A projection matrix P changes z and w to provide perspective and scales x and y to control field of view and aspect ratio. We pick the signs in the matrix so that w>0 in the viewing direction.

We expect

  • P to change only if the screen is resized
  • V to change every frame in which the viewer moves
  • M to be different for each object in the scene

Assuming neither M nor V squishes or stretches things, every position \vec p and normal \vec n will be multiplied by both M and V. We can save some CPU-GPU communication and some per-vertex work by combining these into a model-view matrix (V \cdot M). The vertex shader will multiply every position and normal by this combined model-view matrix.

Positions will also be multiplied by P, but any lighting information, including normals and usually also positions, will not. Thus P will be supplied separately.

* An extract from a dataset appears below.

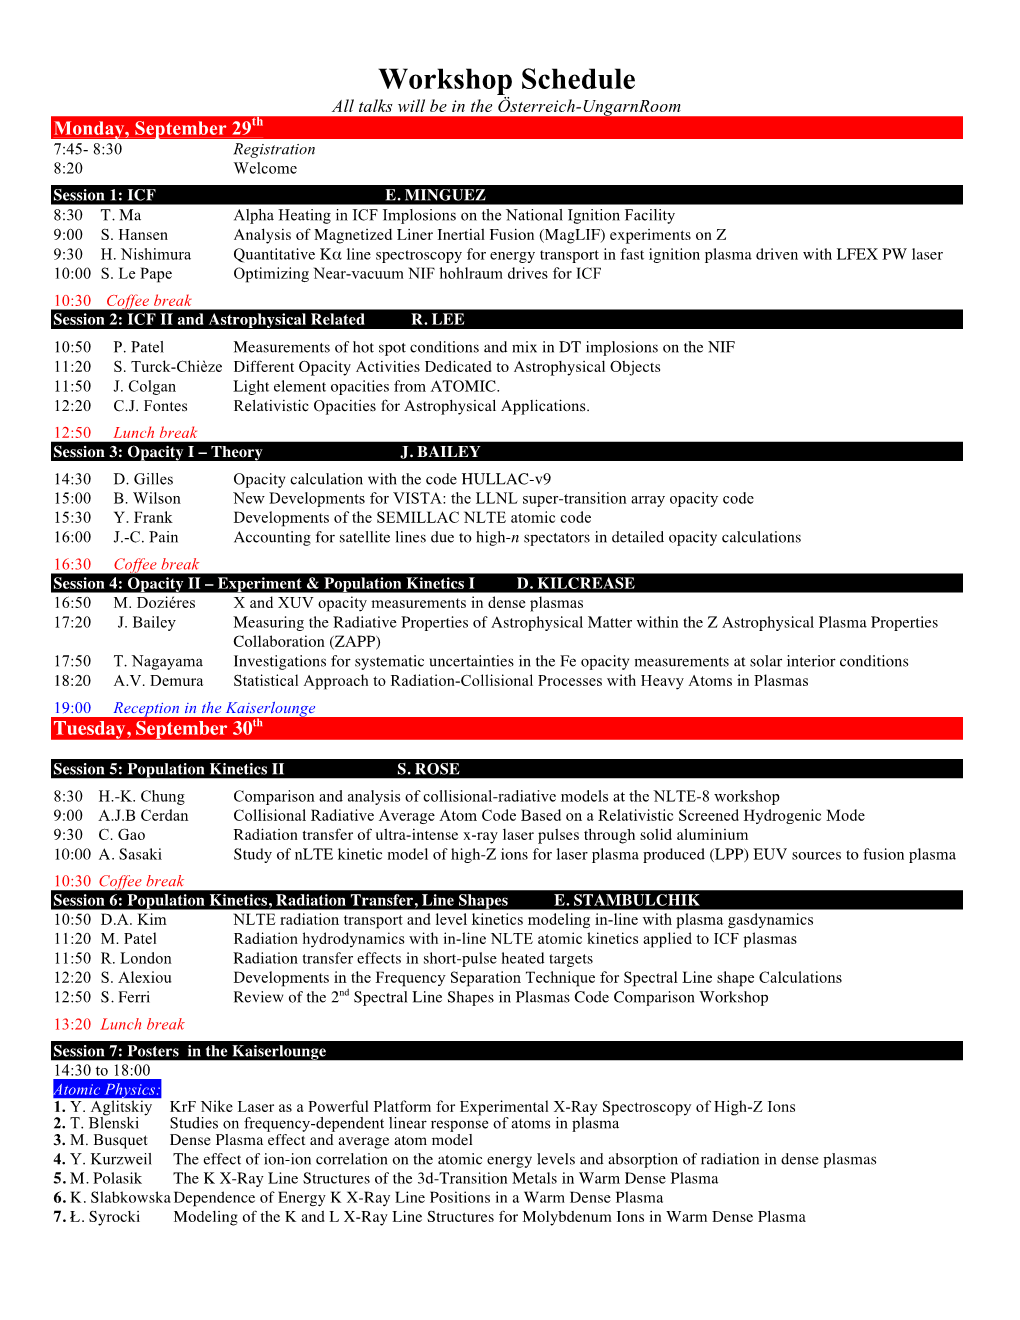 Workshop Schedule All Talks Will Be in the Österreich-Ungarnroom Monday, September 29Th 7:45- 8:30 Registration 8:20 Welcome

Thus we might expect something like the following

CPU setup routine:
    set P based on the field of view and aspect ratio
    send P to the GPU's projection uniform

CPU draw routine:
    set V from viewing position
    for each object:
        set mv as V * M
        send mv to the GPU's modelview uniform
        send the object's geometry data to the GPU

GPU vertex shader
    set output view_normal as modelview * input normal
    set output view_position as modelview * input position
    set gl_Position as projection * view_position

4 Categories of motion

The various types of matrix have types of motion that can generate by being changed each frame. Some of these have special names.

matrix Affine uniform Rigid Linear
straight
parallel
angles
size
origin

Any homogeneous matrix (translation + rotation + scaling + perspective) will keep straight lines straight.

An affine matrix (translation + rotation + scaling) will keep parallel lines parallel.

An affine matrix with uniform scaling (translation + rotation + same scaling in every axis) will keep angles between lines unchanged.

A rigid matrix (translation + rotation) is affine and will all lengths and sizes unchanged.

A linear matrix (rotation + scaling) is affine and will keep the origin (0,0,0) fixed.

 

There are various degenerate matrices that mess things up by setting something to zero:

  • If the bottom row is all 0s, the homogeneous matrix is degenerate and represents not points
  • If the top-left 3×3 submatrix is rank deficient, the matrix is degenerate and reduces all shapes to a point (rank 0), line (rank 1), or plane (rank 2)

It is common for algorithms and code to assume non-degenerate matrices.